The National Security Council () is the advisory and coordinating body of the Government for national defence, security system, emergency response system and other issues of national security. Prime Minister is ex officio president of the Council.

In the case of war or emergency, the Council becomes National Executive Staff of Defence (Slovenian: Državni operativni štab za obrambo).

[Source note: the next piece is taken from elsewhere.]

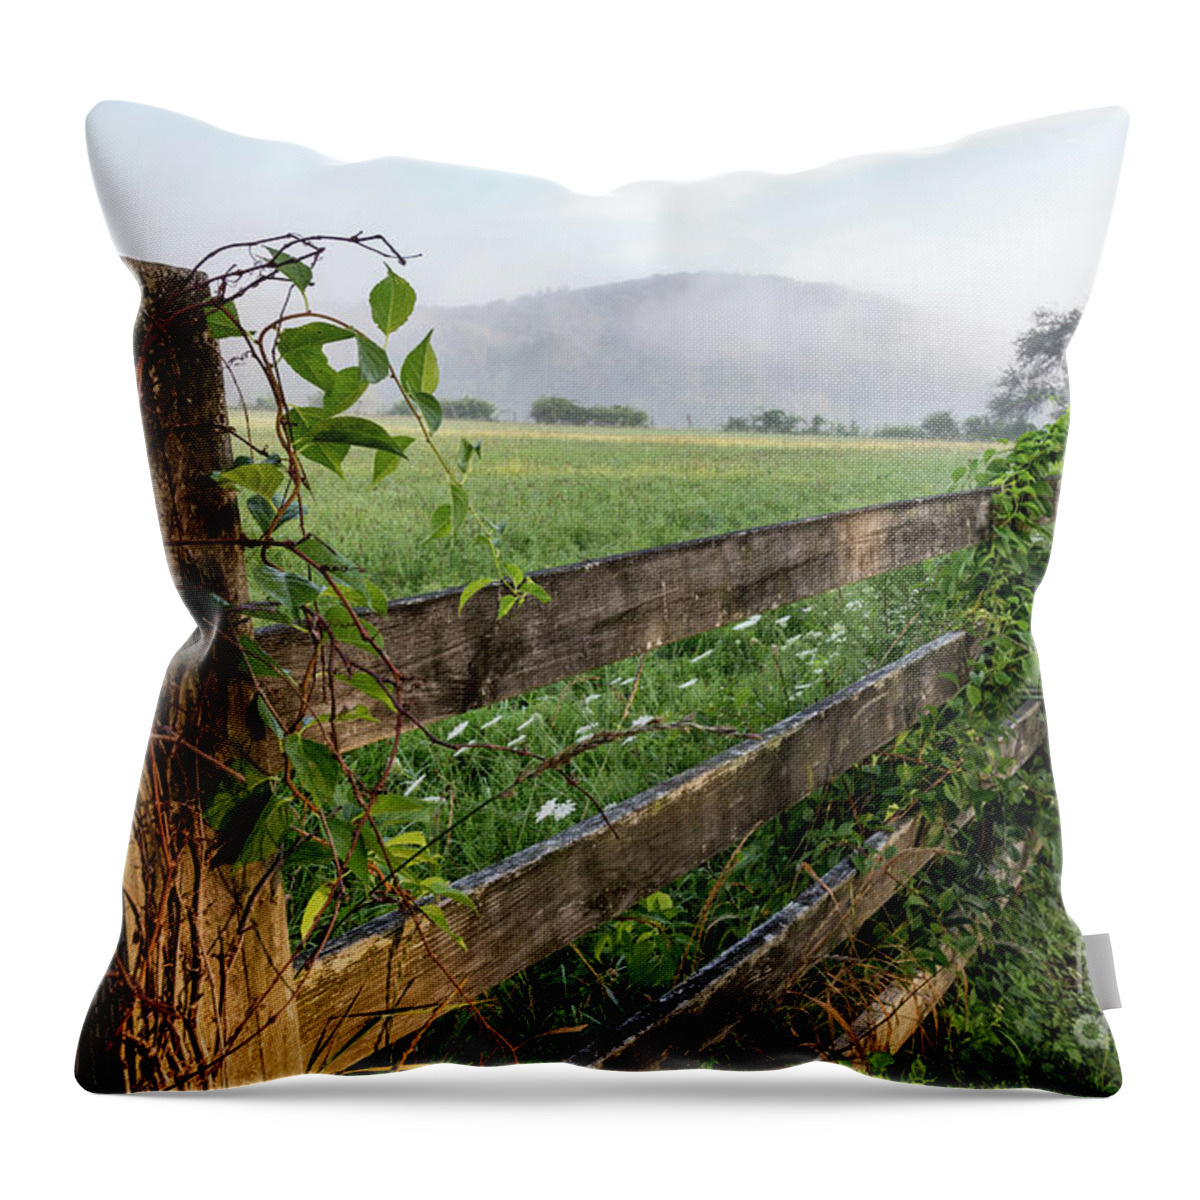 Fog Throw Pillow featuring the photograph North Road View by Jim Gillen

National Centre for Crisis Management of the Republic of Slovenia (within Ministry of Defence) provides administrative and technical support for the Council, Secretariat and Secretariat Executive Group.

Members 
On 16 March 2020 14th Government changed Decree on National Security Council (Odlok o Svetu za nacionalno varnost) and excluded Director of Slovenian Intelligence and Security Agency from the Council. Ministers of Defence, Infrastructure, Justice are no longer members ex officio. Deputy Prime Minister are now members ex officio. Even though Minister of Defence is no longer member of the Council, current minister Matej Tonin is member as he is also a Deputy Prime Minister. Composition of the Secretariat changed as well. State secretaries in the ministries of the Interior, Defence, Finance, Justice and Infrastructure, Director of the Information Security Administration, Director of the Government Office for the Protection of Classified Information, Director of the Government Office of Legislation  and national coordinators for the Prevention of Terrorism and Violent Extremism and for the Prevention of Radicalization are no longer members. Secretariat Executive Group was abolished as well.

Secretariat of the Council 
Secretariat coordinates actions of the Council and preparations for its sessions.